I'm assuming h2h polls with Trump aren't very useful
1. This early, any head-to-head polls fail to predict how the economy, the foreign scene, and the level of domestic tranquility will be. At this stage in the Presidencies of Herbert Hoover and Jimmy Carter, both seemed to have smooth sailing to re-election.
2. As the 2020 election shows, Biden will need an outright majority with which to get elected. Democrats run up huge margins in states that leave no mystery about how they will go -- CA, NY, MA, MD, IL, NJ, WA, NM, and CO -- while a Republican can win by working margins in swing states. Biden is still short of a full majority, and he will need at least 51% to defeat the Republican.
3. We do not know what the match-up will be.
This said...
1. 36% support for a former President is historically low. Donald Trump is a known quantity, and 36% support at this stage from someone well-known is putrid. We have seen few polls about an electoral assessment of Donald Trump since January 6, and this is the first that I recall of a Biden-Trump rematch since the election.
2. In my experience the undecided swing ineffectively to the eventual loser. That is 16%, and even if Trump gets 11% of the 16% he loses. That would be a 51-47 edge for Joe Biden, which he would need for winning three of Michigan, Pennsylvania, Wisconsin, Arizona, Georgia, North Carolina, and Florida. Getting 68% of a vote outstanding is possible if one is looking at votes coming in from the largest city in any one of those states. We know why. With undecided voters not identifiable by partisan identity, getting 68% is almost always a pipe dream.
3. Giver me these numbers in 2024 and Biden wins. Like an incumbent, Trump will be running on his record -- or running away from it. If a pol runs away from one's record, then the record will chase him down like an angry dog, catch up with him, and overpower and maul him. If he runs on his record... well, President Biden already has some positive achievements.

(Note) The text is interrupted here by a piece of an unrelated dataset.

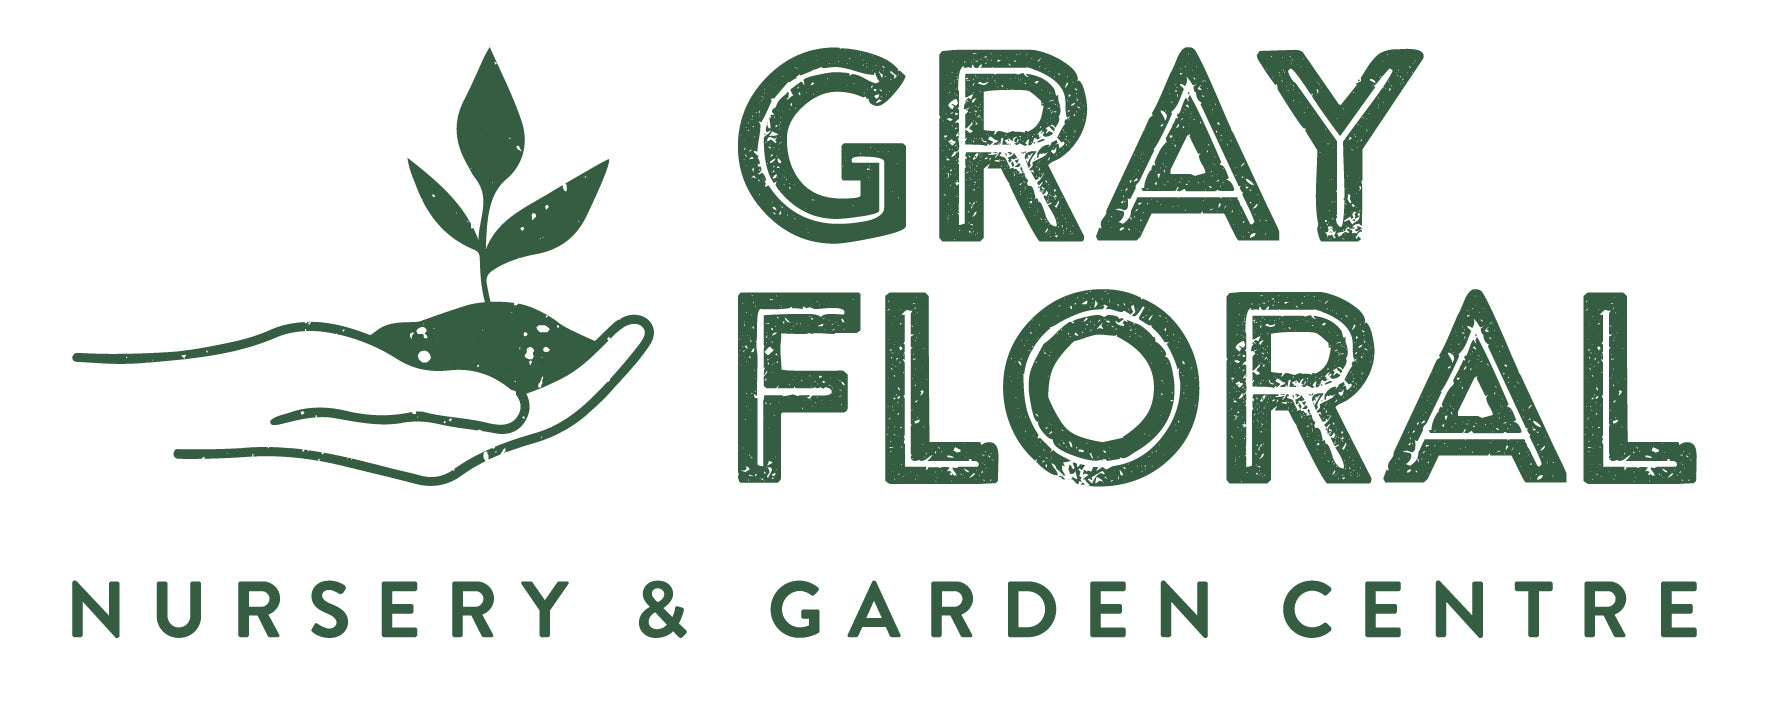 Gray Floral Nursery & Garden Logo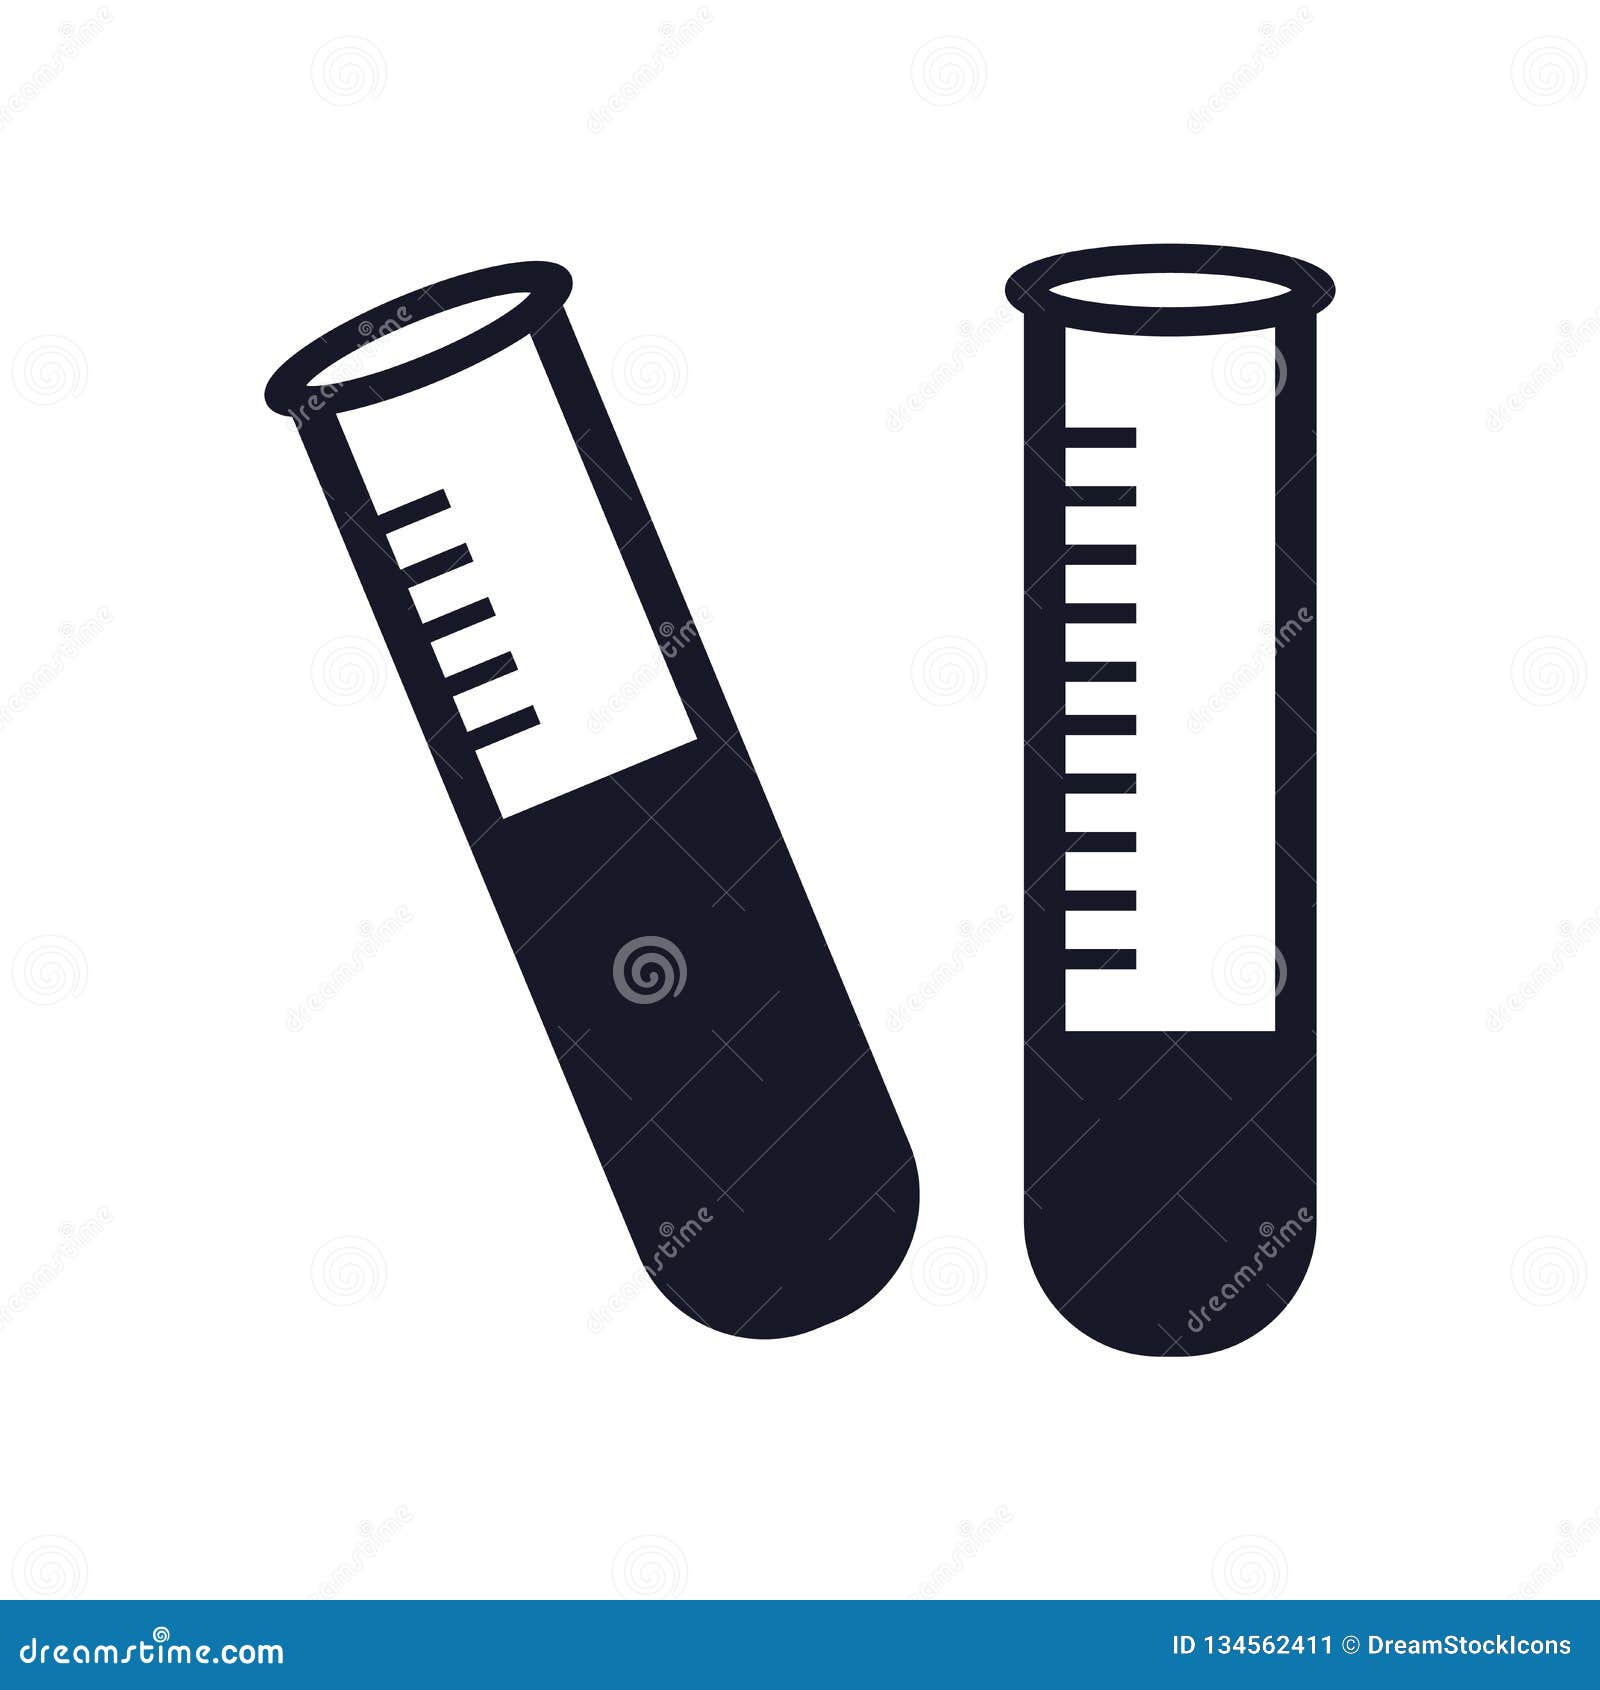 Test tube là một công cụ quan trọng trong thí nghiệm. Hãy xem hình liên quan đến test tube rất thú vị và giúp bạn hiểu rõ hơn về ứng dụng của chúng.

I do not expect him to kick over any hornet's nest.
4. Incumbents usually shape the political debate. An example was that Donald Trump and the GOP successfully offered campaign pitches that claimed that Joe Biden would be soft on socialist regimes in Cuba and Venezuela (those probably won Florida) and a campaign ad that threatened economic failure if Americans voted their conscience and their values instead of voting for Donald Trump and his economic agenda (which played in Michigan, as I know... and I am guessing elsewhere). You may hate Donald Trump and the GOP, those ads said, but if you know what is best for you you will vote Republicans.